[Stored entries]
#####

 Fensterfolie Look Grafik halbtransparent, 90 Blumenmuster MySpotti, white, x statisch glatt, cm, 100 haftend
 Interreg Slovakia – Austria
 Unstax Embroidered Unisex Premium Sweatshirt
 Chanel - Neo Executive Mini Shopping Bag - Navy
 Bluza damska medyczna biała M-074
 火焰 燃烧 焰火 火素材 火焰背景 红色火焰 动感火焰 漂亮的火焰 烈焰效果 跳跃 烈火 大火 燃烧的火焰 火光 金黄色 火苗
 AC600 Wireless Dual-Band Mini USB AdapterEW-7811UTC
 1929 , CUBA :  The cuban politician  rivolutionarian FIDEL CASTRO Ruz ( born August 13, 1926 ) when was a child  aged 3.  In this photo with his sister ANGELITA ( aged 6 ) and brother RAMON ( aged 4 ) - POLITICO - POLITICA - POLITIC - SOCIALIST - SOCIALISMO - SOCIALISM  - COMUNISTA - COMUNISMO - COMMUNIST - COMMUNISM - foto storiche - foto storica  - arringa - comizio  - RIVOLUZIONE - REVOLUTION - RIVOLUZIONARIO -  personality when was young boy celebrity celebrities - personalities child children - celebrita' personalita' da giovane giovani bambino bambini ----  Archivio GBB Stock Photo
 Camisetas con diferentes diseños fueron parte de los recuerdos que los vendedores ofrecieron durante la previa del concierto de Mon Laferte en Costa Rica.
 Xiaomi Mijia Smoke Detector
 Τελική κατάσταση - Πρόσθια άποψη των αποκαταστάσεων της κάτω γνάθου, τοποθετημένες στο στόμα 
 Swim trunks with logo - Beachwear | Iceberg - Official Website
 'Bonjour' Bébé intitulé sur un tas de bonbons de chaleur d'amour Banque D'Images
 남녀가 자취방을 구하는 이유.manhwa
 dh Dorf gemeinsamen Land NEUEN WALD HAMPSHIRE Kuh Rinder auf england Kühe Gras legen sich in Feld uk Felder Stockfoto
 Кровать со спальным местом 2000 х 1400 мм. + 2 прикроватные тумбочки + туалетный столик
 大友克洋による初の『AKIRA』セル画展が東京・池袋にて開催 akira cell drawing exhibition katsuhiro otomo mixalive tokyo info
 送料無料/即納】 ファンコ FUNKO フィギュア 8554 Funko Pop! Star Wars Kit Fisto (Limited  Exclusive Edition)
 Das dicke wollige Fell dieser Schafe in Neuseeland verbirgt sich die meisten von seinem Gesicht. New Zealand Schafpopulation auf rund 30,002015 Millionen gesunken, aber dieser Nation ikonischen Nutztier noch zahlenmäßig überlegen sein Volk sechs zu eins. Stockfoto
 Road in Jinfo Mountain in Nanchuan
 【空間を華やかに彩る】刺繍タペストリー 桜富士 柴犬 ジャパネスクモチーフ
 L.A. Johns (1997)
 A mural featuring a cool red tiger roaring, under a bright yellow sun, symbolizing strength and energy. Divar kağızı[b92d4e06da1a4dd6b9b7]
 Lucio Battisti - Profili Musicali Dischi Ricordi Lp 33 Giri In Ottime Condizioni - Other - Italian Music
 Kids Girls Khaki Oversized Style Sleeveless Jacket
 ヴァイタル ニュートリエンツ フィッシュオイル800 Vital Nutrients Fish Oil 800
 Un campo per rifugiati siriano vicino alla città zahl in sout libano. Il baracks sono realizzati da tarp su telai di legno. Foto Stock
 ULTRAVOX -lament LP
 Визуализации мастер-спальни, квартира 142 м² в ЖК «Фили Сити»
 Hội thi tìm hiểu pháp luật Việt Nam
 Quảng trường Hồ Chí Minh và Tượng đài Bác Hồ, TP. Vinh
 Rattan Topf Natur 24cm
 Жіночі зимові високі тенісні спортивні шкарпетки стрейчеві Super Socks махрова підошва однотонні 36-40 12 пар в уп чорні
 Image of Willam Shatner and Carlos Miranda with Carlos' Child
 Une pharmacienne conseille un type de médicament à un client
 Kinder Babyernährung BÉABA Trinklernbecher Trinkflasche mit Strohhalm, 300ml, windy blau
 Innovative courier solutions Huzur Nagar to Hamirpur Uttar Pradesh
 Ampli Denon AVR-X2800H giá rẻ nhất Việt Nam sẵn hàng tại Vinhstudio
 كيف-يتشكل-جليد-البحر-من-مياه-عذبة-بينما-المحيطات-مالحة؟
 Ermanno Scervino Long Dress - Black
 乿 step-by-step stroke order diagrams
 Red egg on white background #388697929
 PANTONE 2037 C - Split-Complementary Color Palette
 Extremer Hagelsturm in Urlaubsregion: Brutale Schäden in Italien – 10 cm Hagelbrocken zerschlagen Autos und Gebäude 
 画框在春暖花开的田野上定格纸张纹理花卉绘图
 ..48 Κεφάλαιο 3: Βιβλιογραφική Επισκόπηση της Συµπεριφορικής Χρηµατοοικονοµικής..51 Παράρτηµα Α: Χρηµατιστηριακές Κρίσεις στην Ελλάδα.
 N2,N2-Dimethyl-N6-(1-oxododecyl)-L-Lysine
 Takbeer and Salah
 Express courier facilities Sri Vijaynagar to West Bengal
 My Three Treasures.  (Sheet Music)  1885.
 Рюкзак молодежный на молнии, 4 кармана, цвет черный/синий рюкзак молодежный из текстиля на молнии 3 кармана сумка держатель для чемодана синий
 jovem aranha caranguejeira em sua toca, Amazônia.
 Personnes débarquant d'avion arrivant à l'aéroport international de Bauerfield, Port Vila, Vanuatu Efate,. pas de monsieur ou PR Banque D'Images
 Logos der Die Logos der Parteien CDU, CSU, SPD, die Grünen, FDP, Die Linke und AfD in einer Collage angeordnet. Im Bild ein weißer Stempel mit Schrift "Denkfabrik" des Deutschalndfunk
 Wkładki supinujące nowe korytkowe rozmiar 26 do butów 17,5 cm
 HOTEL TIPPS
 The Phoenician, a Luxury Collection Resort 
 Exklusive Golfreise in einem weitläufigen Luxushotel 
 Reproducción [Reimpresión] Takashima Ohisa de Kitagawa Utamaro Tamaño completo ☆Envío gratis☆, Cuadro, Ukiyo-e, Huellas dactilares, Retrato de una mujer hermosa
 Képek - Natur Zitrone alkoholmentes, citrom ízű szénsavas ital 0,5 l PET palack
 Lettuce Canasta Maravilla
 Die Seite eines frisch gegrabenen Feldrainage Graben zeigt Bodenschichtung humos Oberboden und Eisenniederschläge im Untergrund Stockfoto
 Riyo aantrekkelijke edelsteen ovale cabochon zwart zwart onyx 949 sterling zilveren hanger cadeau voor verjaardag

#####

The records are given above. Copy each line in them that holds "Việt".

 Hội thi tìm hiểu pháp luật Việt Nam
 Ampli Denon AVR-X2800H giá rẻ nhất Việt Nam sẵn hàng tại Vinhstudio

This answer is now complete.